EXERCISE DESCRIPTION |
Transcribe the lines below exactly. No image belongs in the transcription.

INFORMATION SUPPLIED |

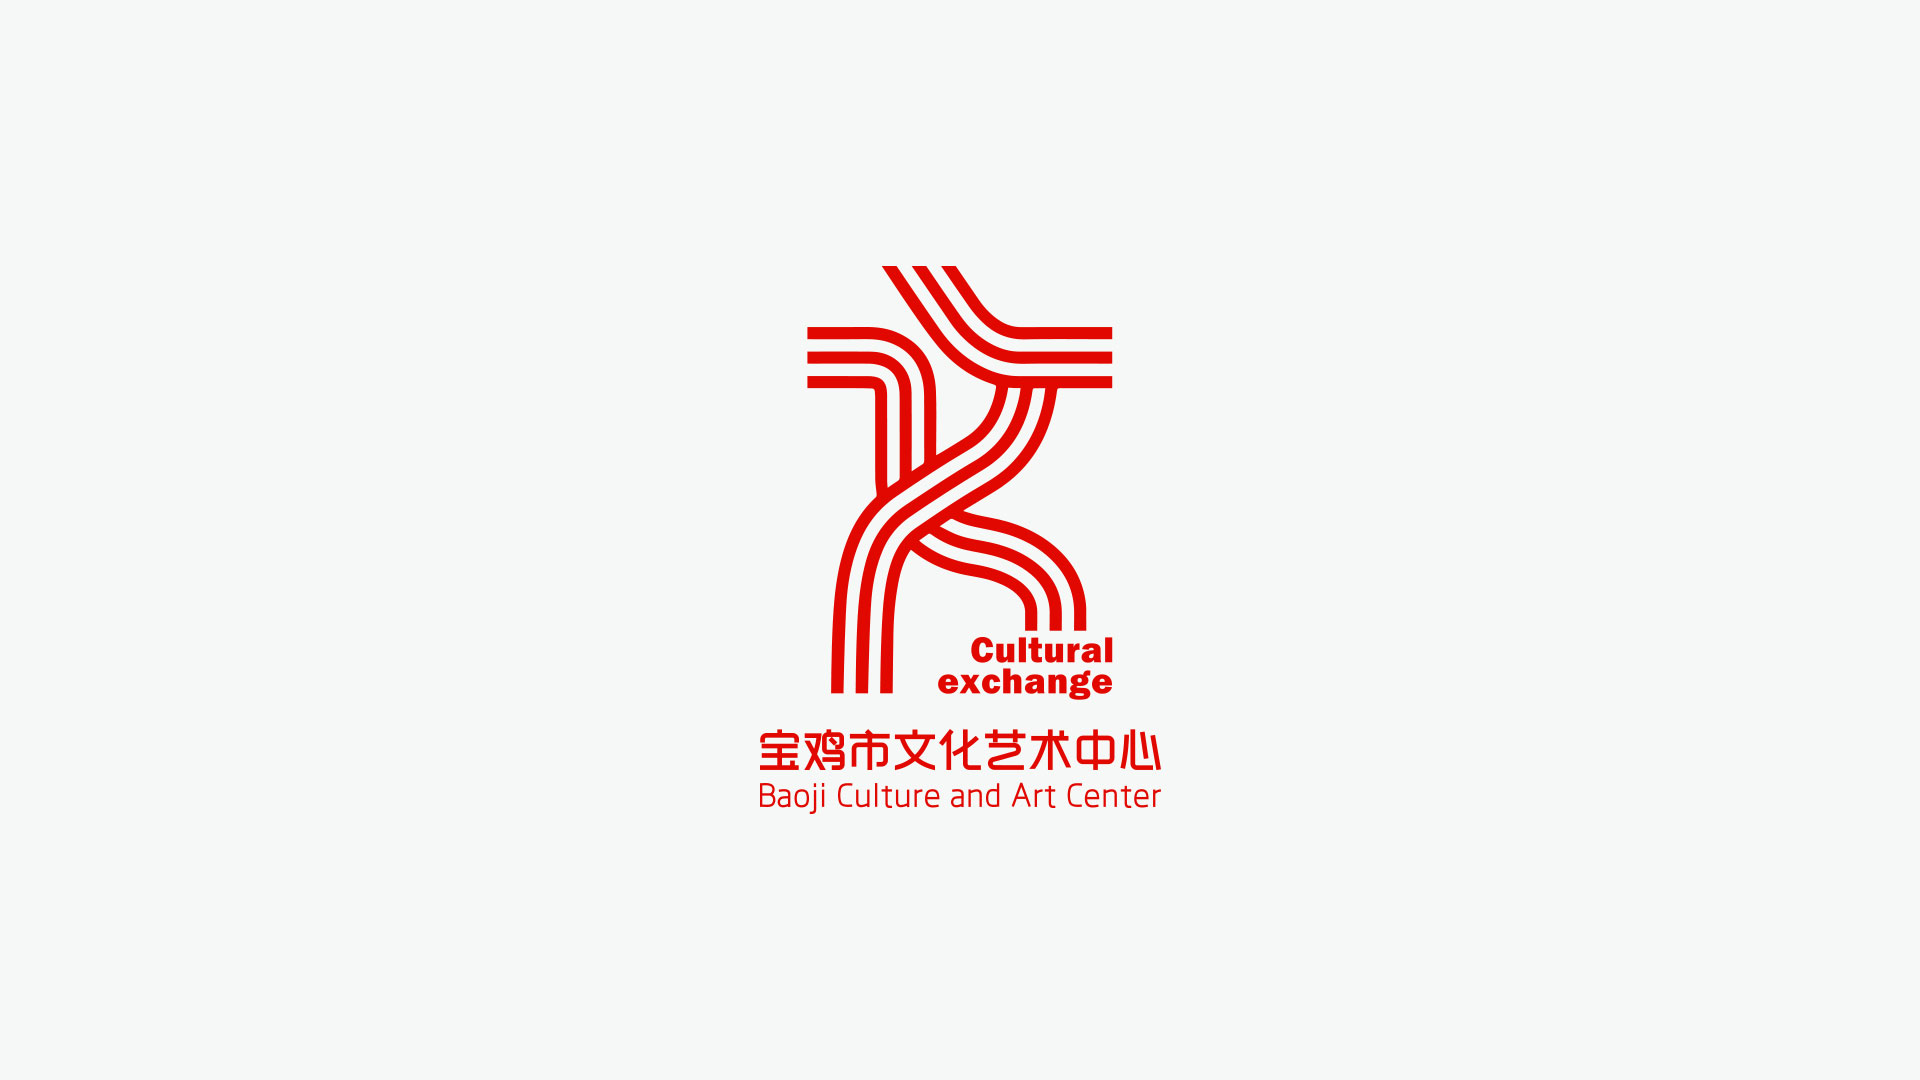 工艺美术馆logo图片
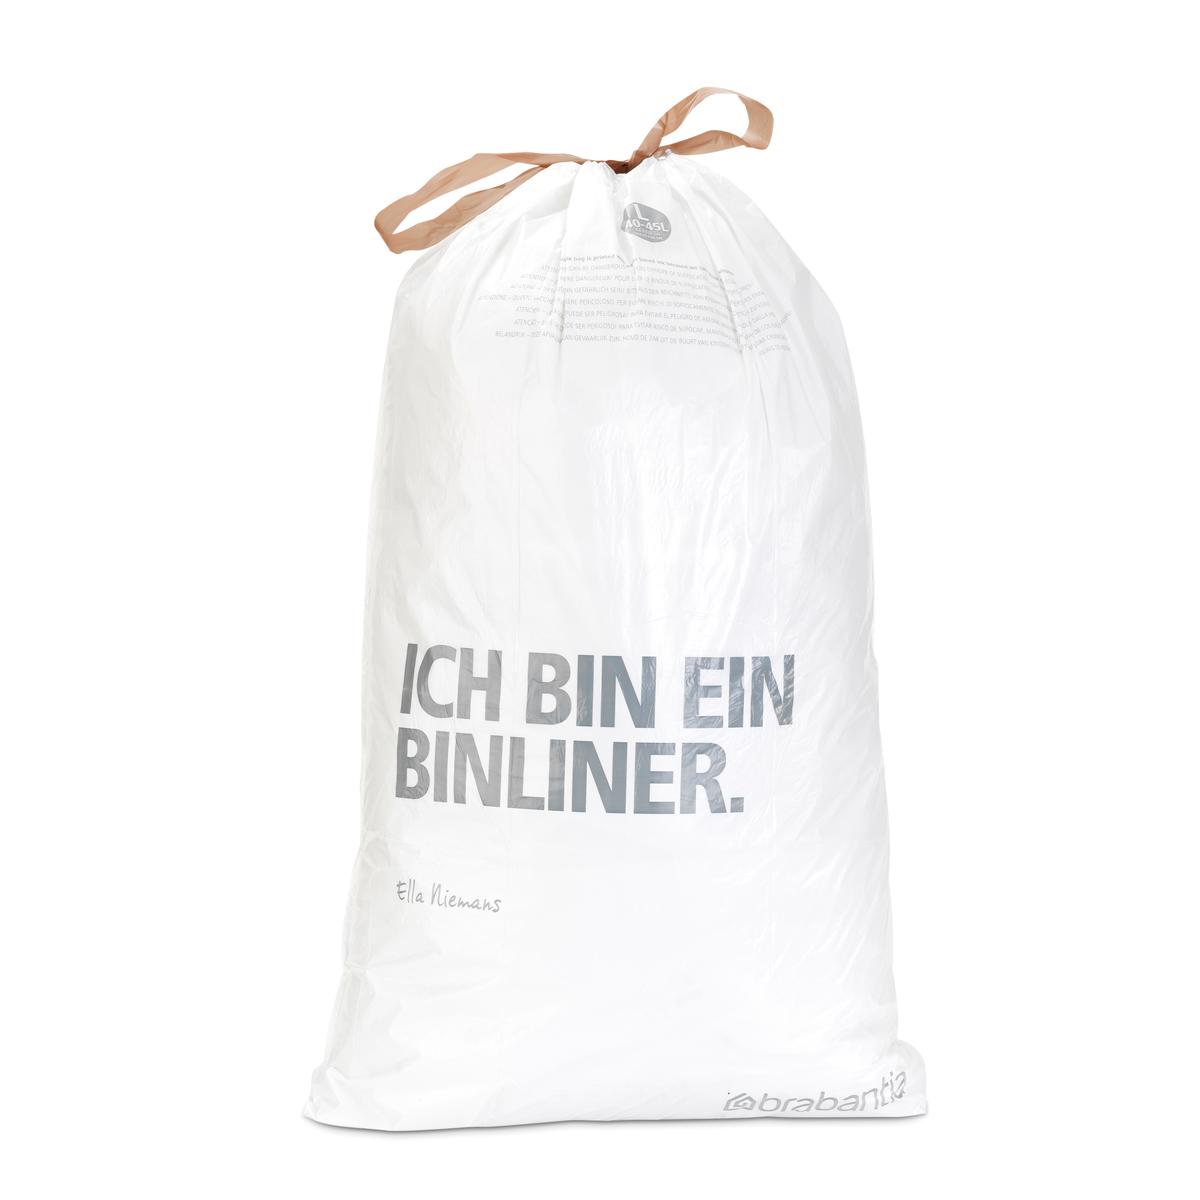 Lot de 6 distributeurs de 40 sacs poubelles 23/30 l blanc code g (dont 1  offert) Couleur multicolore Brabantia
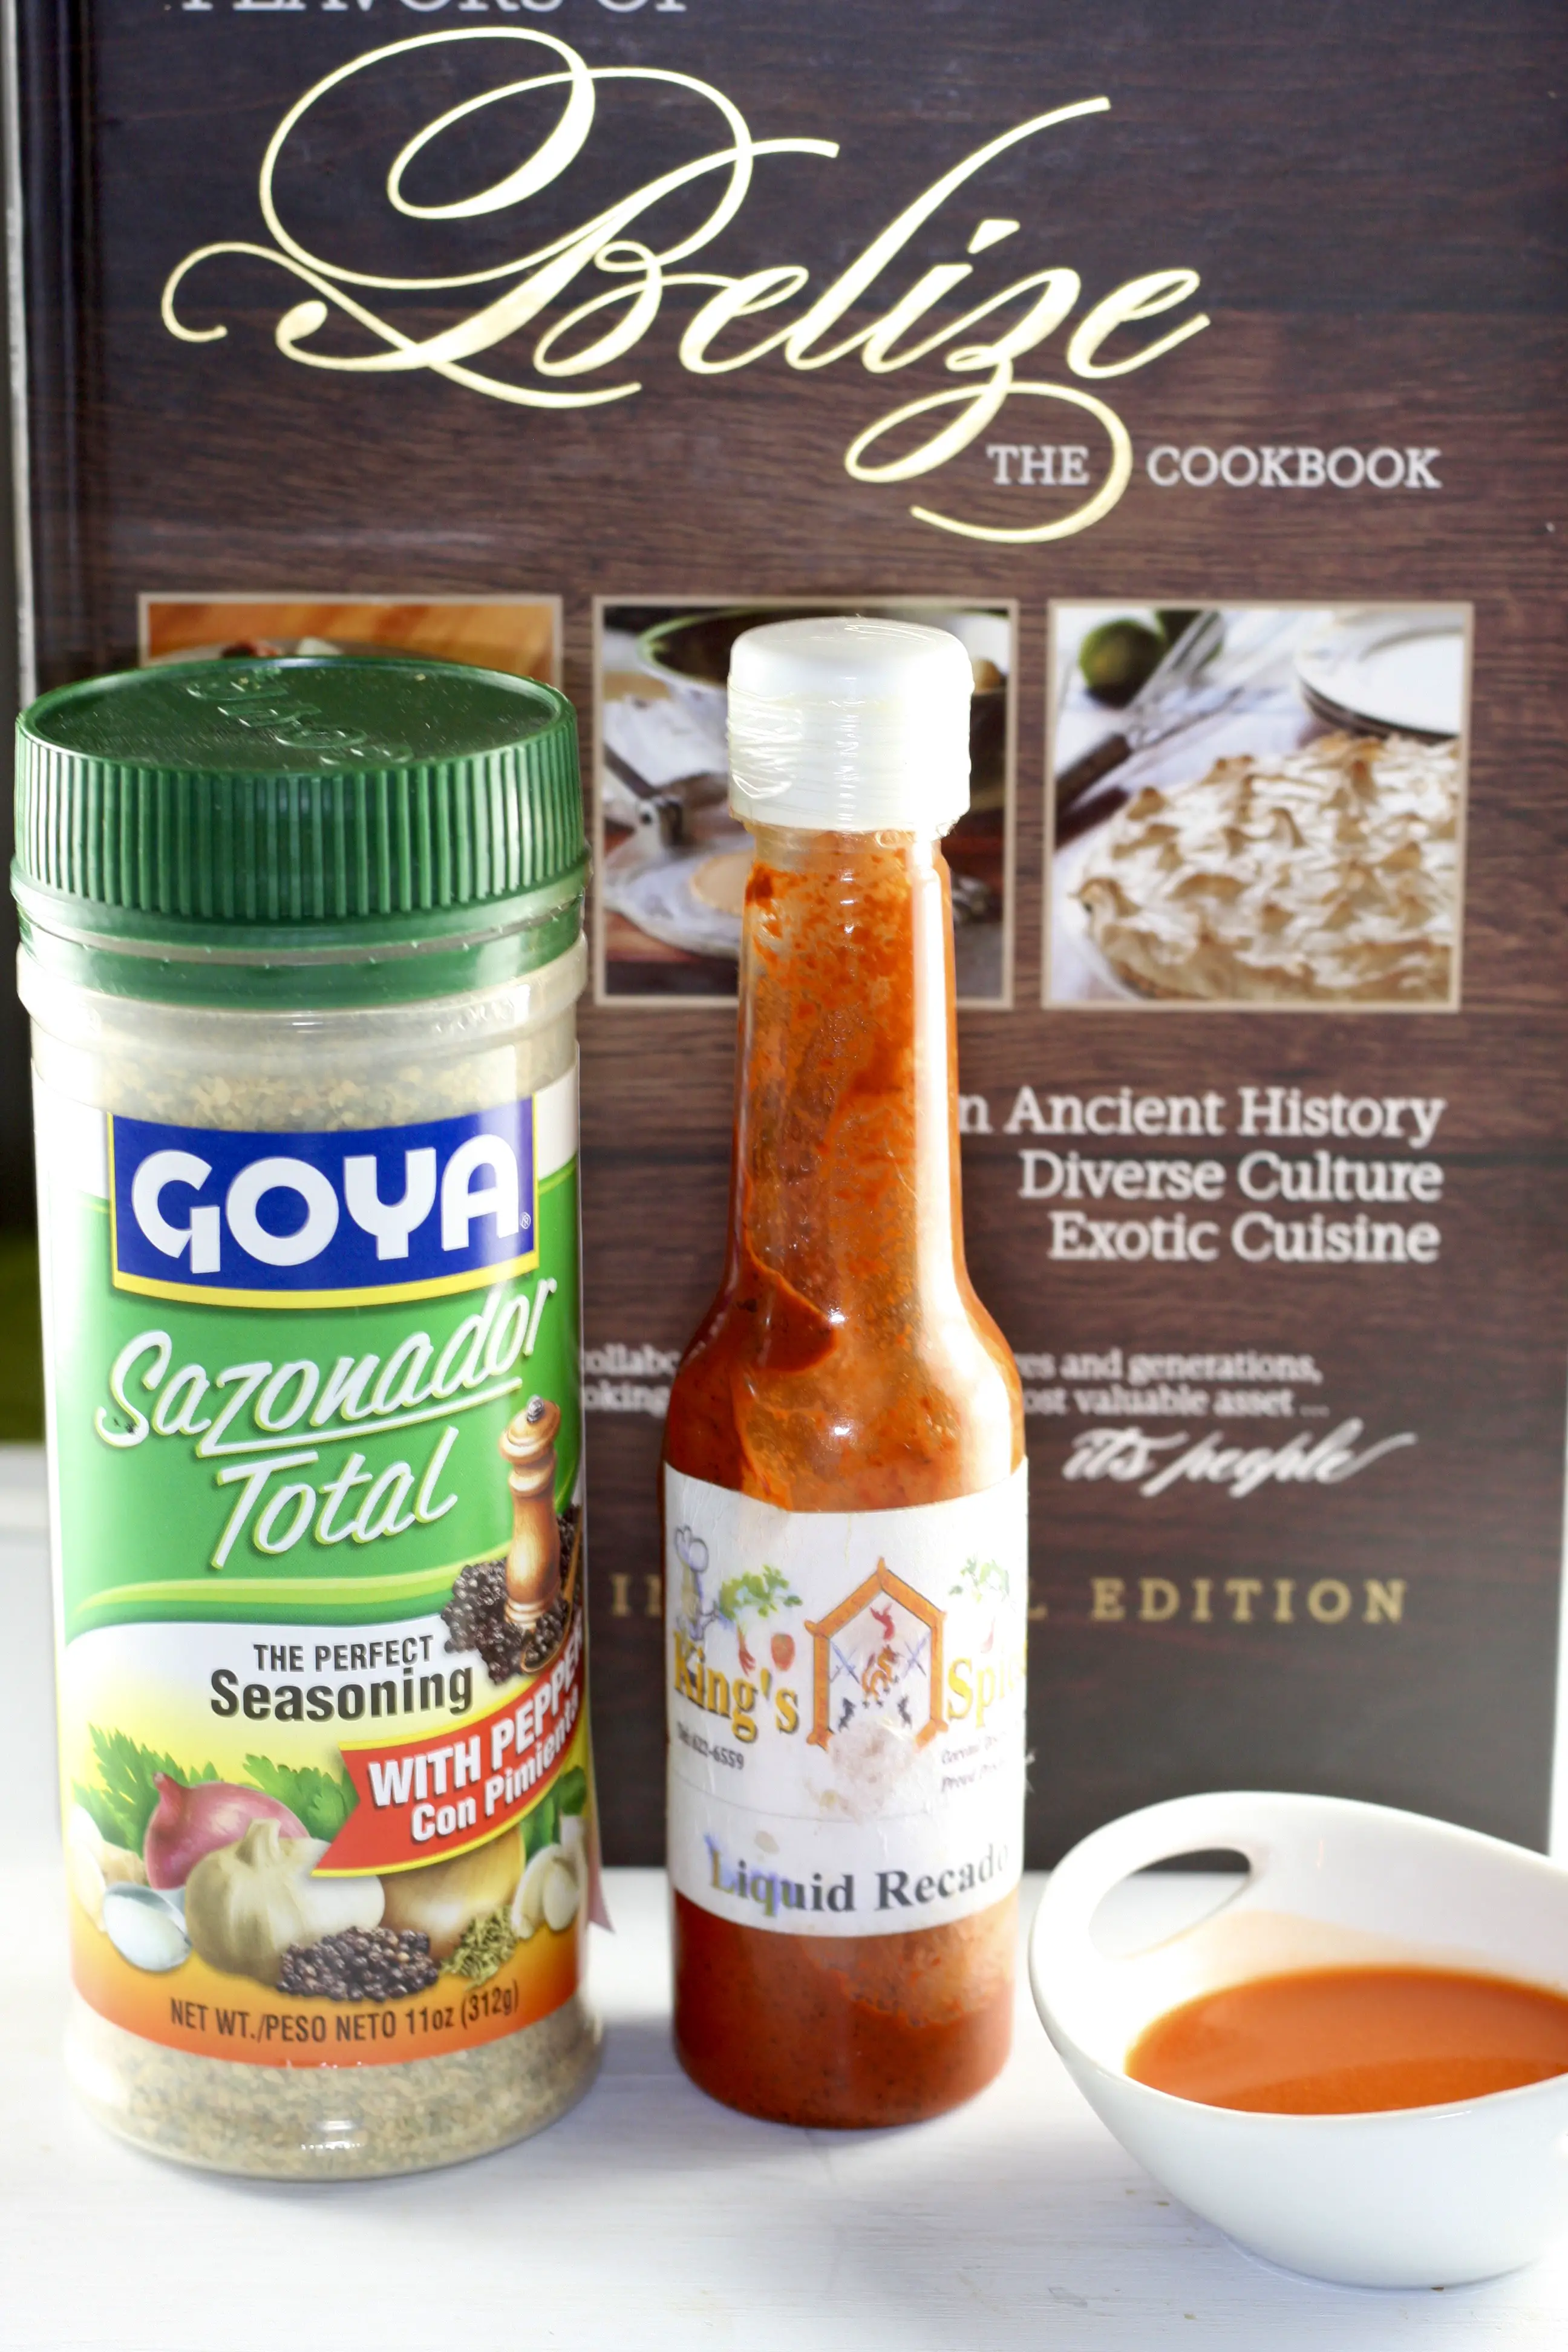 Goya Sazonador Total, Belizean Cookbook, and Red Liquid Recado

TASK ANSWER |
 工艺美术馆logo图片
 Lot de 6 distributeurs de 40 sacs poubelles 23/30 l blanc code g (dont 1  offert) Couleur multicolore Brabantia
 Goya Sazonador Total, Belizean Cookbook, and Red Liquid Recado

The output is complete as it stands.